配送効率を上げる方法として、会社や施設での共同受け取りも良いと思います。
たとえば、ある会社の従業員がそれぞれスマホから注文し、毎週金曜日に会社へまとめて配送する形です。
これなら、1か所への配送で複数人分の商品を届けることができますよね。
配送コストを下げながら注文数を増やせるので、後発のネットスーパーにはかなり向いていると思います。
営業先としては、地元企業、工場、役所、福祉施設、学校関係などが考えられます。
「社員向けの福利厚生」「地元農家支援」「食品ロス削減」という切り口で提案すると、受け入れられやすいと思います。

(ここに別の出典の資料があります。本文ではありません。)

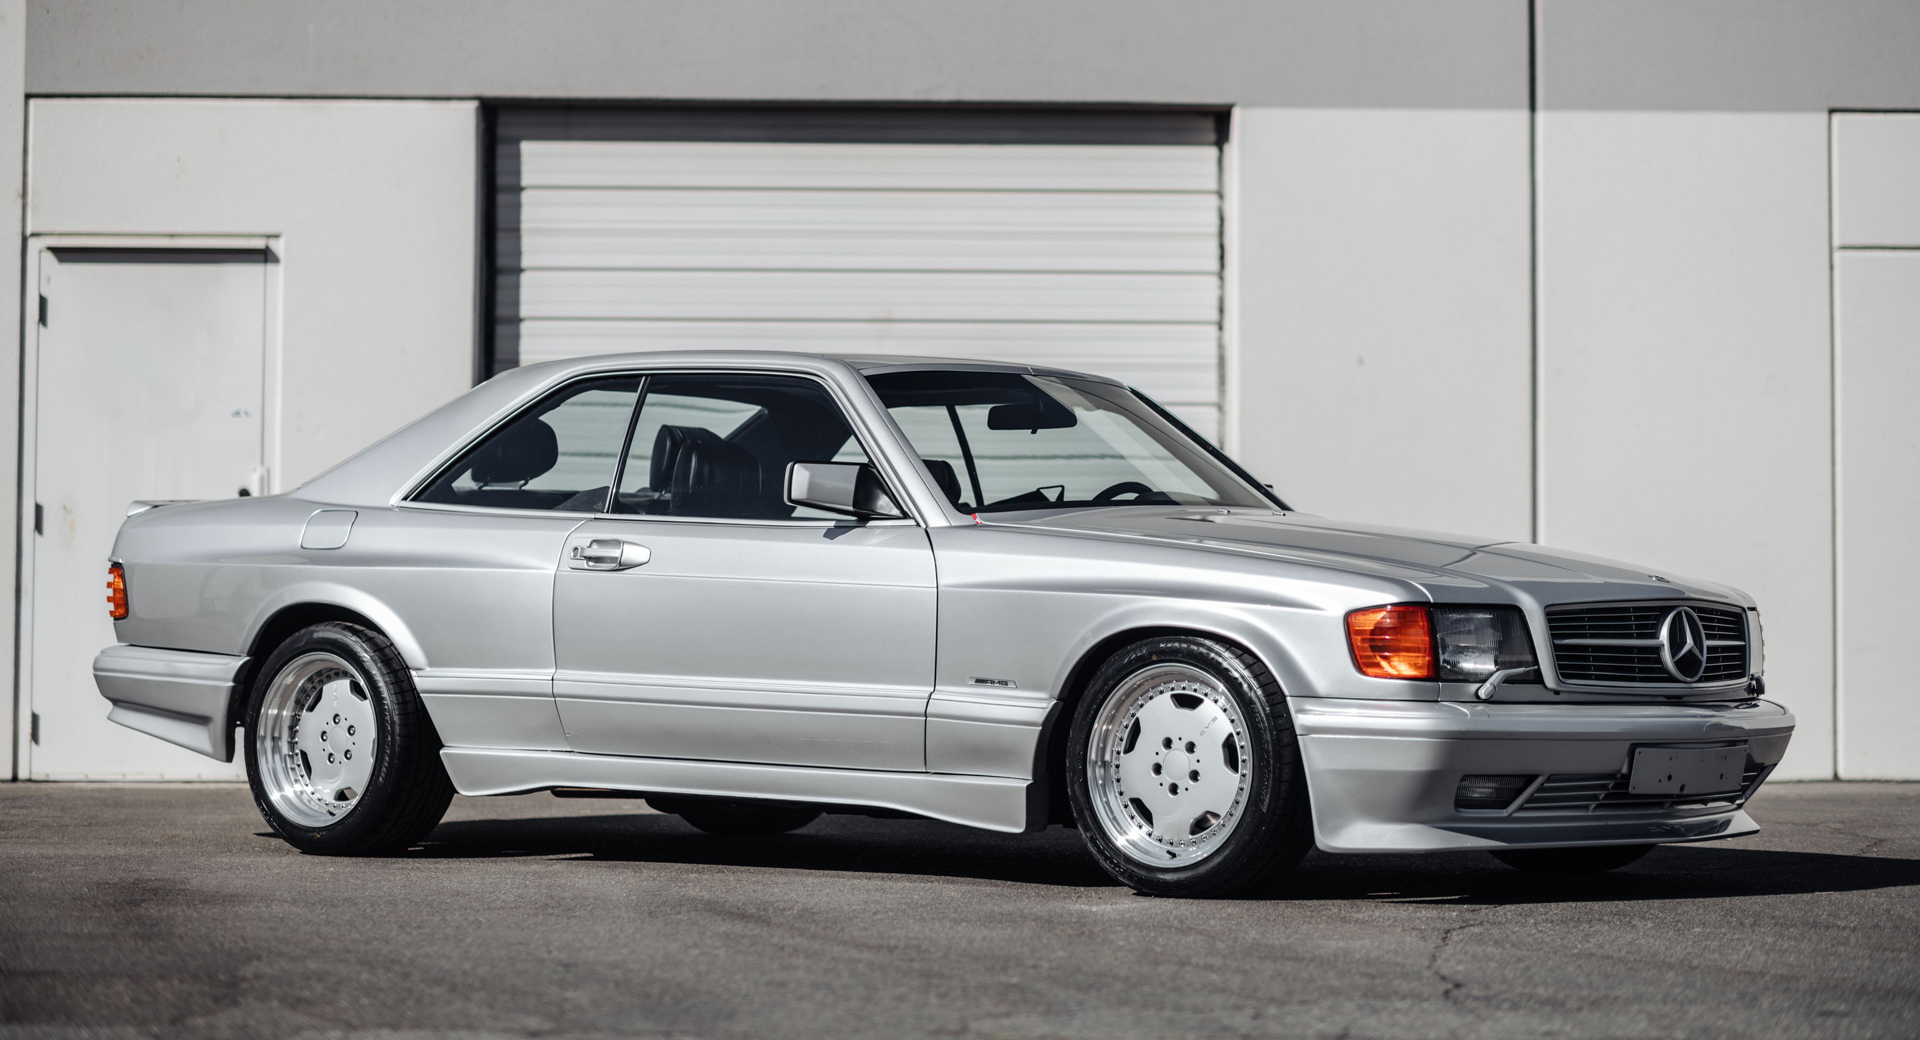 1989 Mercedes Benz 560 SEC AMG 6 0 Widebody Is Bad To The Bone Carscoops

ネットスーパーを始める場合、ソフトウェア開発力があることは大きな強みです。
ただし、最初から見た目のきれいなECサイトを作ることに力を入れすぎる必要はないと思います。
もちろん、見やすいサイトは大事です。
でも、本当に重要なのは、裏側の運用を効率化するシステムだと思います。
具体的には、次のような機能が重要になります。
農家が出荷可能な商品を登録できる画面
注文数に合わせて野菜セットの中身を自動提案する機能
在庫と売れ残りを管理する機能
配送ルートを最適化する機能
LINEでおすすめ商品を通知する機能
購入履歴に基づいて再購入を促す機能
苦手な野菜や家族構成を登録する機能
飲食店向けの発注画面。
これらの仕組みがあると、人手を増やさなくても事業を拡大しやすくなると思います。
後発企業が大手に勝つには、商品数ではなく、改善速度と運用効率で勝つ必要がありますよね。
初期段階では、商品数を増やしすぎない方がいいと思います。
商品数が多いと、在庫管理、ページ作成、価格設定、配送準備が複雑になります。
最初は、次の4商品程度で十分だと思います。
この4商品を販売しながら、どの商品が売れるのか、どの価格帯が受け入れられるのか、どの地域で反応があるのかを確認していくのが良いと思います。
売れた商品を強化し、売れない商品はすぐに改善する。
このスピード感こそが、ソフトウェア開発力を持つ事業者の強みだと思います。
いきなり大きな売上を目指すよりも、段階的に目標を設定する方が現実的だと思います。
最初の目標は、まずは月商30万円くらいで良いと思います。
この段階では、利益を大きく出すことよりも、注文の流れ、農家からの仕入れ、箱詰め、配送、クレーム対応を確認することが目的です。
次に、月商100万円を目指します。
この段階では、家庭向けの利用者を増やしながら、飲食店や施設向けの納品も始めると良いと思います。
BtoCとBtoBを組み合わせることで、売上を安定させやすくなりますよね。
さらに進めば、月商300万円も見えてくると思います。
家庭向けの定期便が増え、飲食店や施設向けの取引先も増えてくると、単なるネットスーパーではなく、地域の青果流通を支える仕組みに近づいていくと思います。
後発でネットスーパーに参入する場合、大手と同じような総合型ネットスーパーを目指すのは得策ではないと思います。
特に、資金力や配送網で大手に劣る場合は、地域密着型の小さな領域から始めるべきですよね。
農家が販売しにくい形の悪い野菜や果物を扱う場合は、次のような戦略が有効だと思います。
訳あり野菜や果物を安く仕入れる。
おまかせ野菜セットを主力にする。
献立やレシピを付けて使いやすくする。
LINEで再購入を促す。
定期便で売上を安定させる。
BtoCだけでなくBtoBも狙う。
配送エリアと配送日を絞る。
会社や施設での共同受け取りを増やす。
ソフトウェアで在庫、配送、再購入を効率化する。
後発が勝つために必要なのは、大手より多くの商品を並べることではないと思います。
地域の農家と利用者をつなぎ、食品ロスを減らしながら、家計にも役立つ仕組みを作ること。
そして、ソフトウェア開発の技術を活かして、利用者の反応を見ながら素早く改善していくこと。
この形を作ることができれば、後発でも十分に戦える可能性はあると思います。